## Supplied data
= = = =
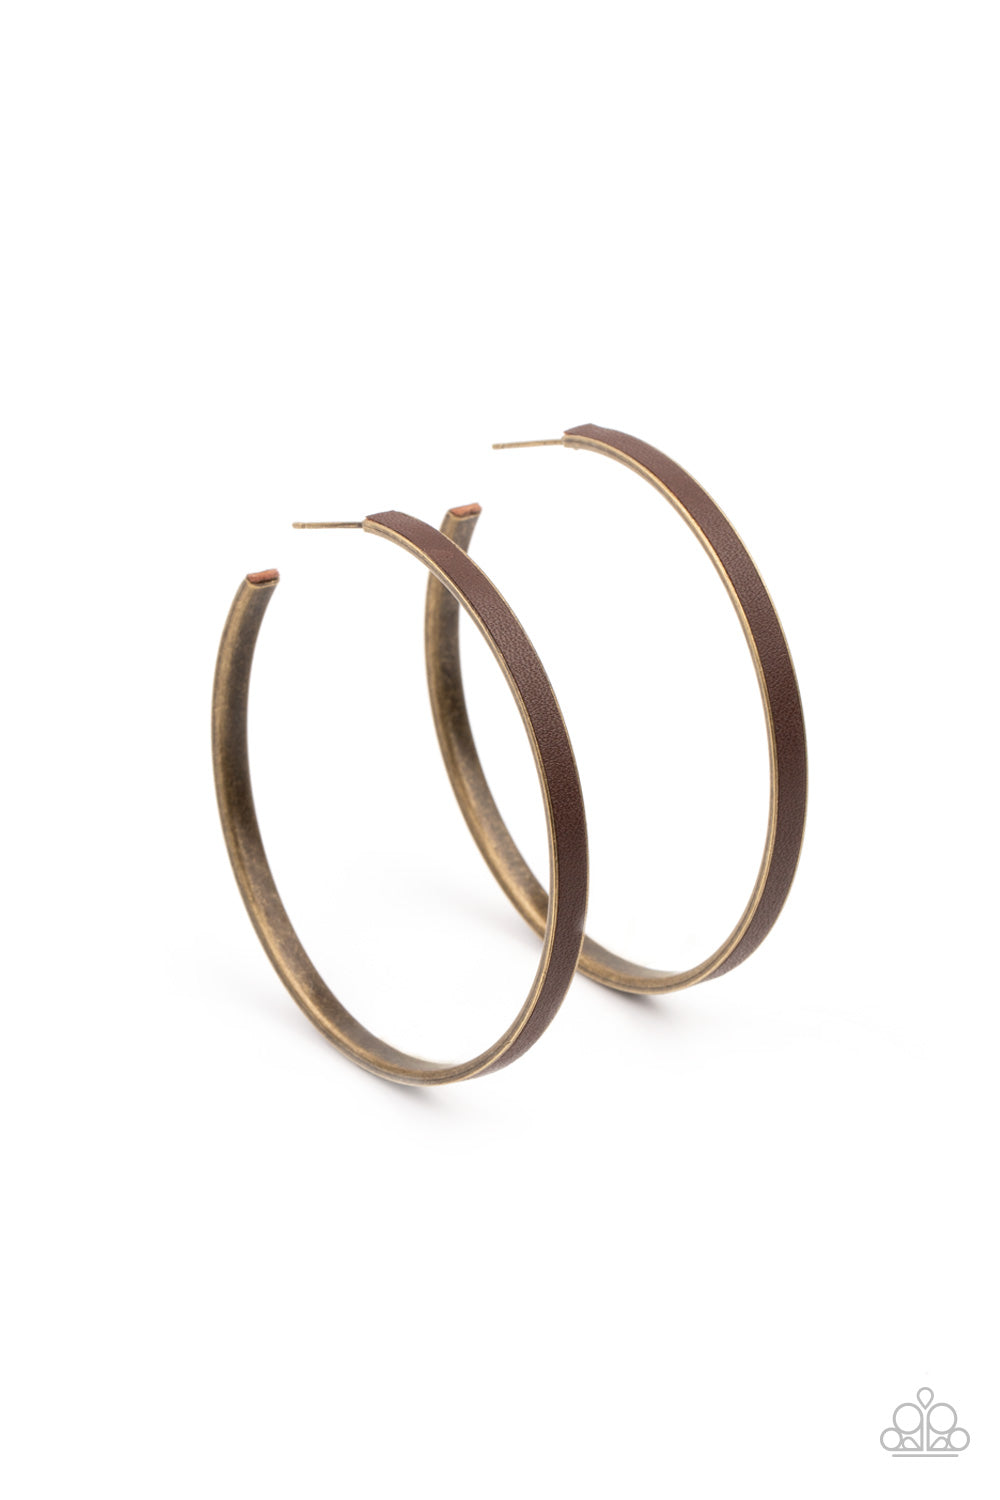 Fearless Flavor Brass Hoop Earring - Paparazzi Accessories  A brown leather lace is pressed along the indented spine of a brass hoop, creating a bold pop of color. Earring attaches to a standard post fitting. Hoop measure approximately 2 1/4" in diameter.  Sold as one pair of hoop earrings.
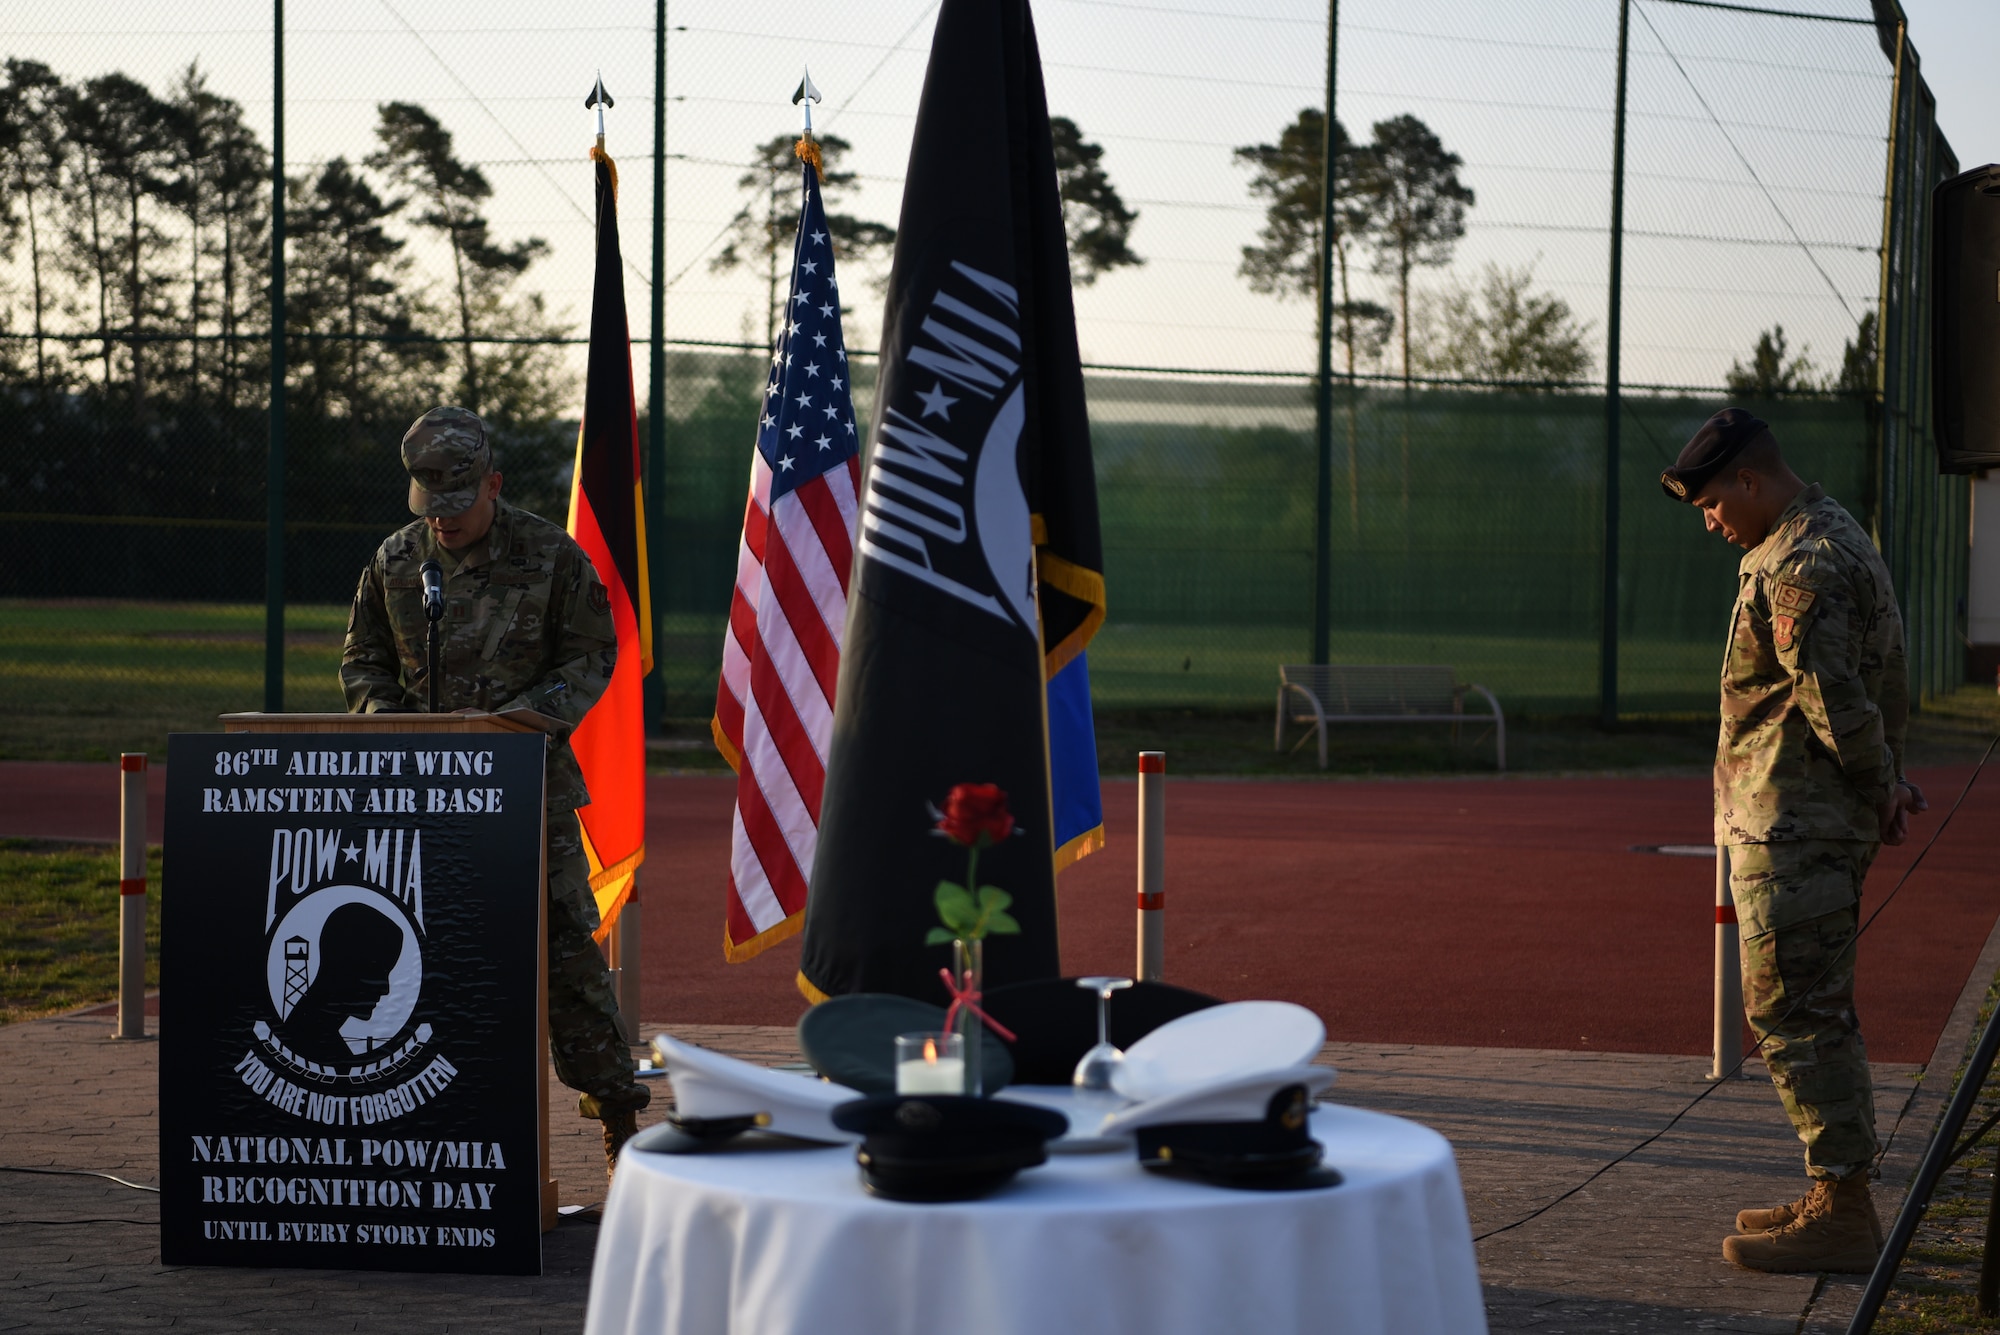 U.S. Air Force Capt. Isandar Atajanow, 86th Airlift Wing chaplain, left, leads the prayer during the National POW/MIA Recognition Day ceremony at Ramstein Air Base, Germany, Sept. 18, 2020.
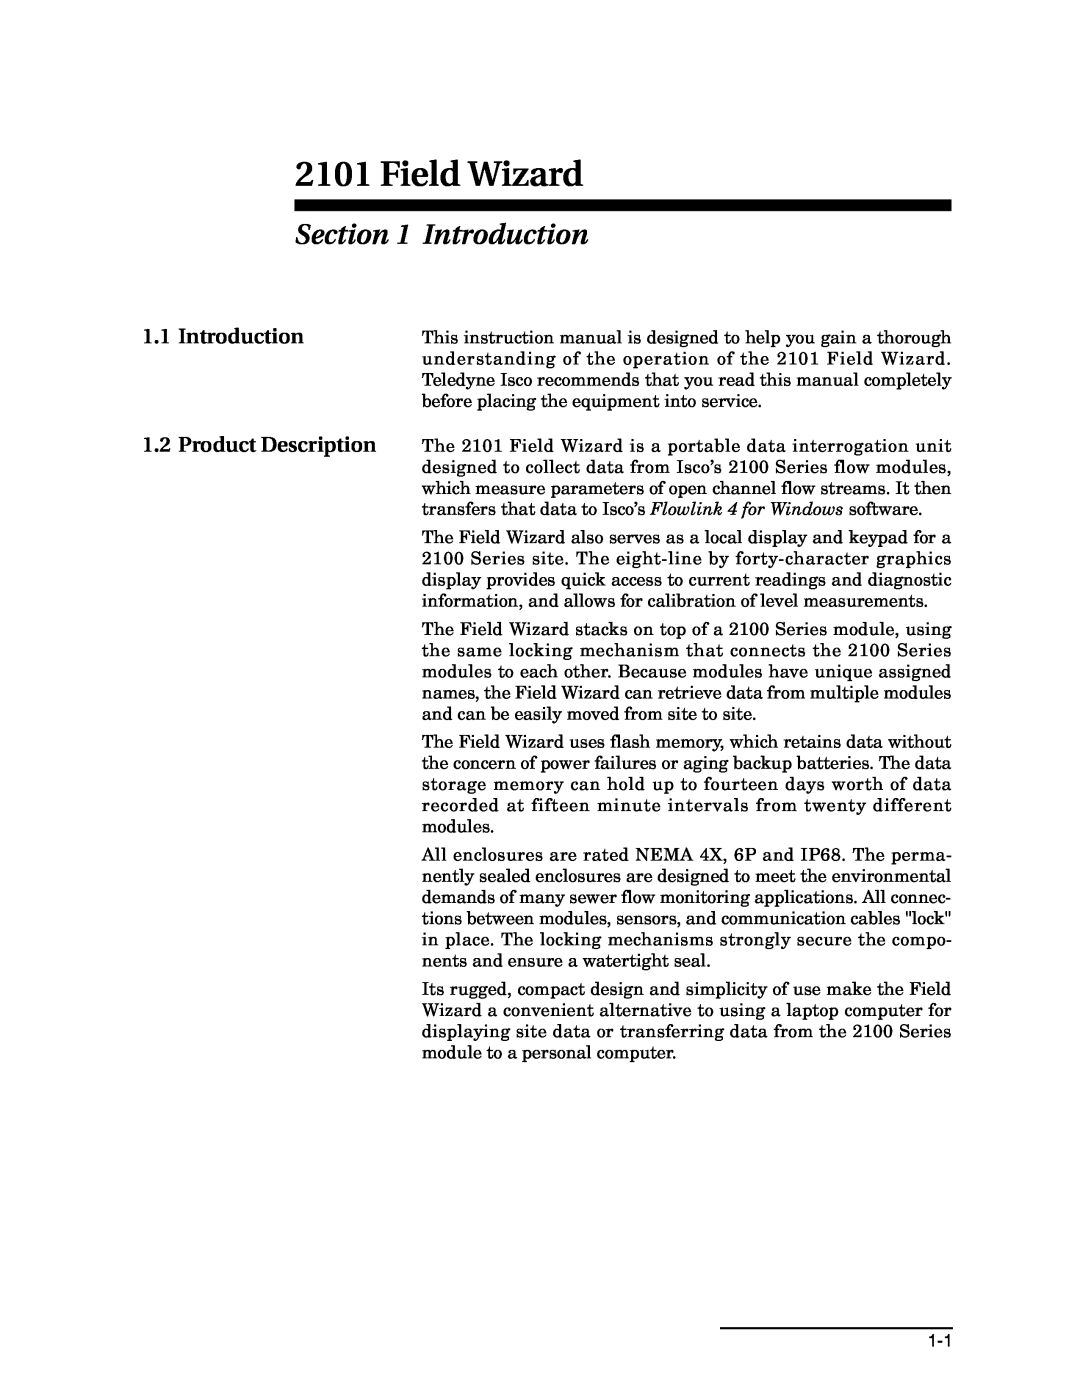 Teledyne 2101 installation and operation guide Introduction 1.2 Product Description, Field Wizard
= = = =
## Work request
Begin with the line that contains "U.S. Air Force" and repeat every line through the end of the data, exactly and only those lines, leaving out the pictures.

## Response area
 U.S. Air Force Capt. Isandar Atajanow, 86th Airlift Wing chaplain, left, leads the prayer during the National POW/MIA Recognition Day ceremony at Ramstein Air Base, Germany, Sept. 18, 2020.
 Teledyne 2101 installation and operation guide Introduction 1.2 Product Description, Field Wizard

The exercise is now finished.